EXERCISE BRIEF: From the line holding "Les incroyables œuvres" through the line holding "Black Eagle (1988) - DVD SE NO DK FI" below, write out every line exactly; include both of those lines and drop the pictures.

SUPPLIED RECORDS:
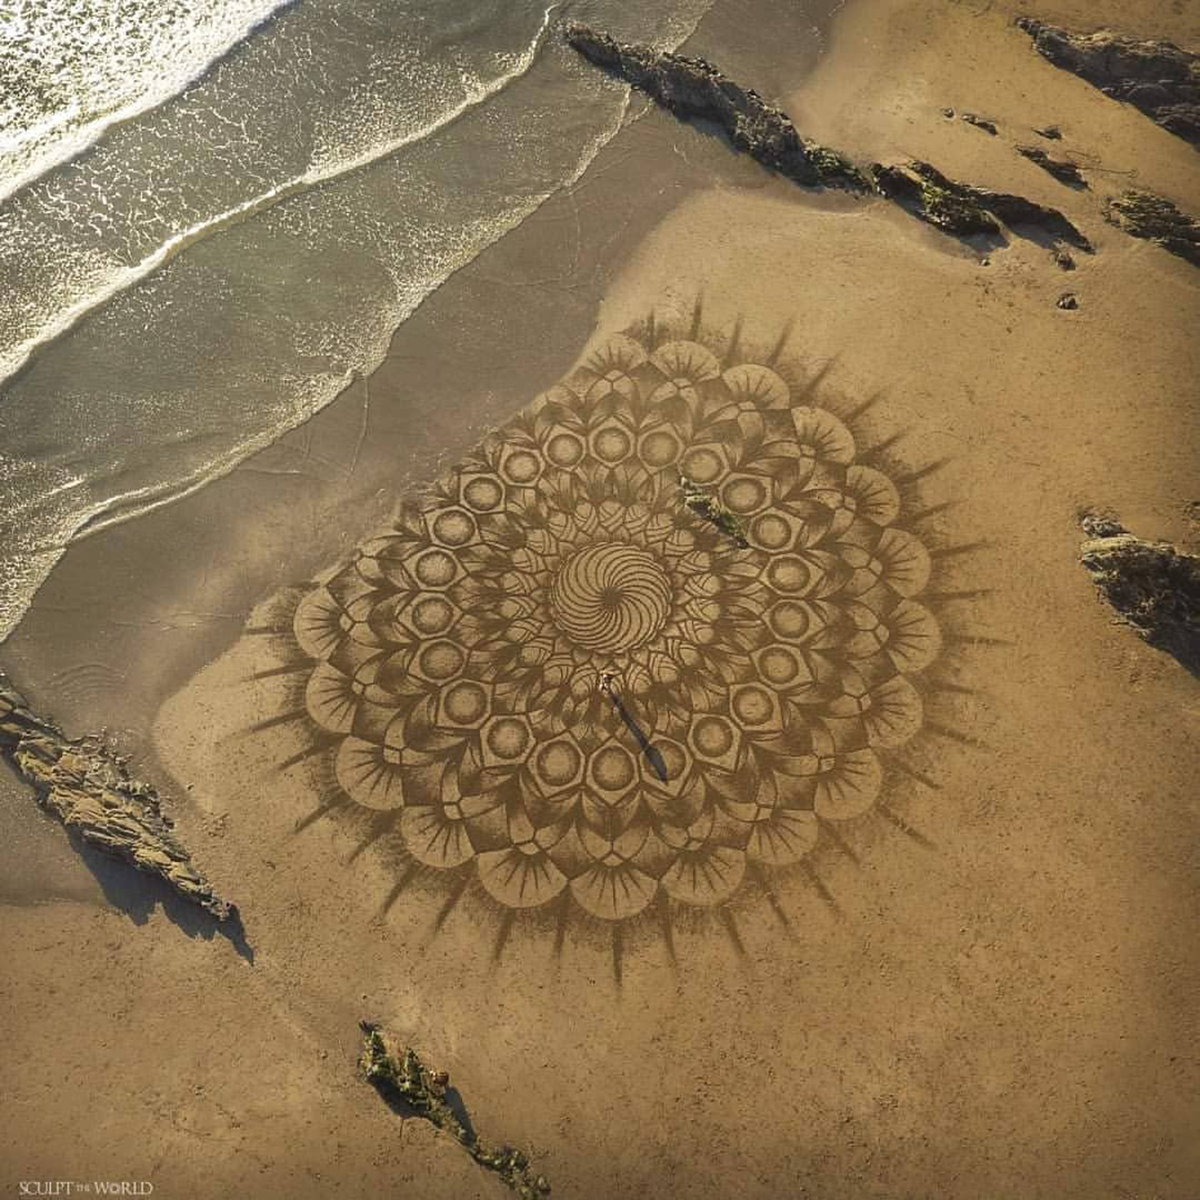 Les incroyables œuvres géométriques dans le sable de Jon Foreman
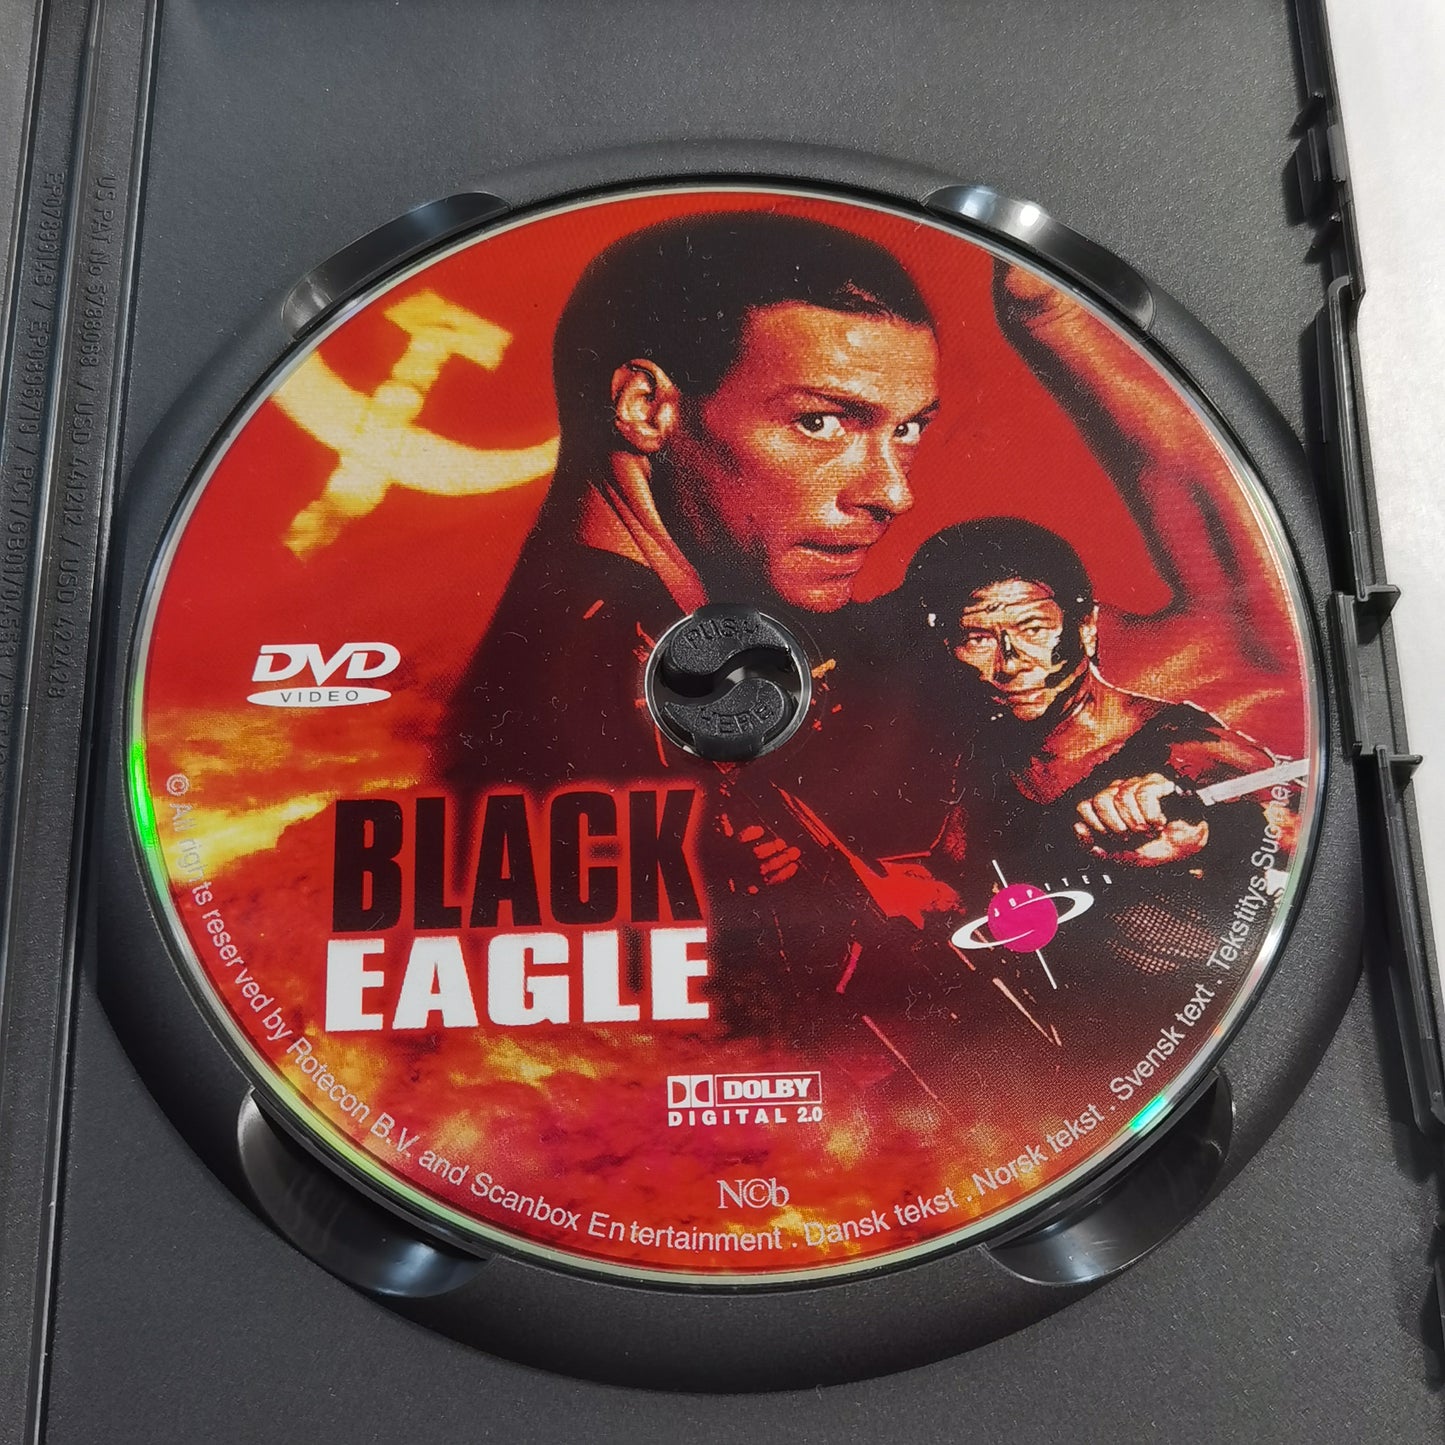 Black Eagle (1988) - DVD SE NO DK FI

* * *

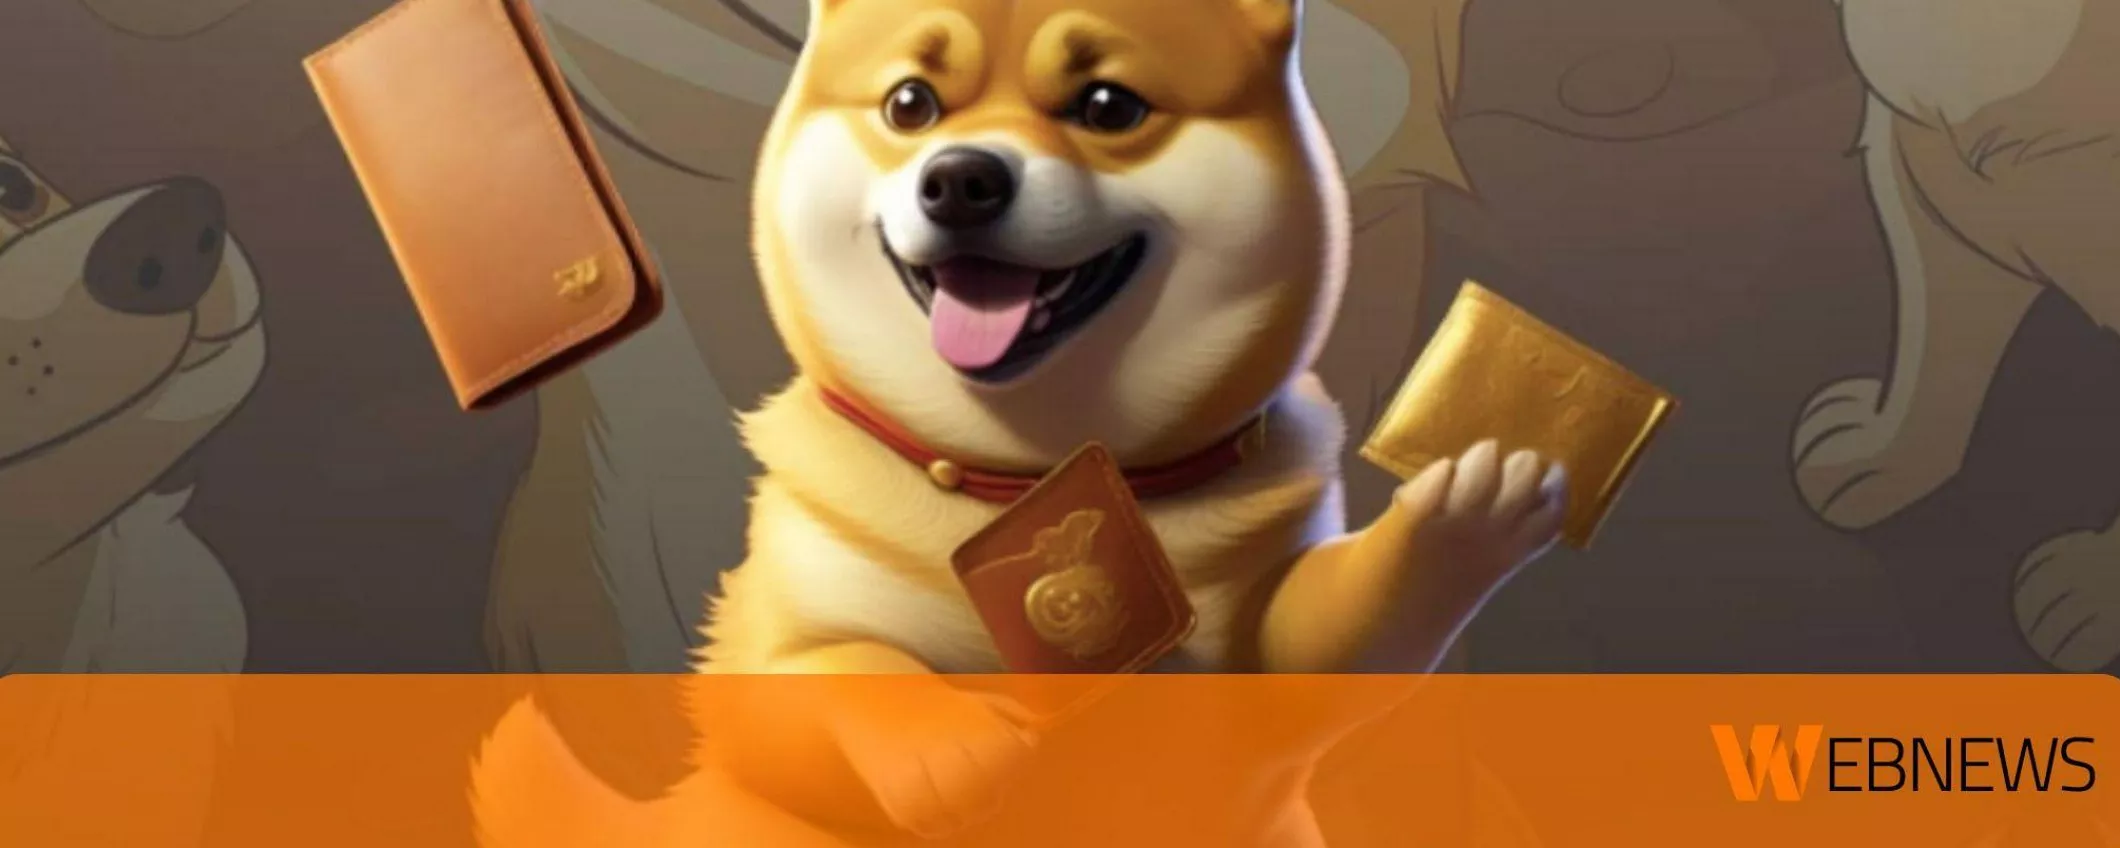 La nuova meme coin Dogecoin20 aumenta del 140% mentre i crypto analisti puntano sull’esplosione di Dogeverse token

SOLUTION FOR THIS EXERCISE:
 Les incroyables œuvres géométriques dans le sable de Jon Foreman
 Black Eagle (1988) - DVD SE NO DK FI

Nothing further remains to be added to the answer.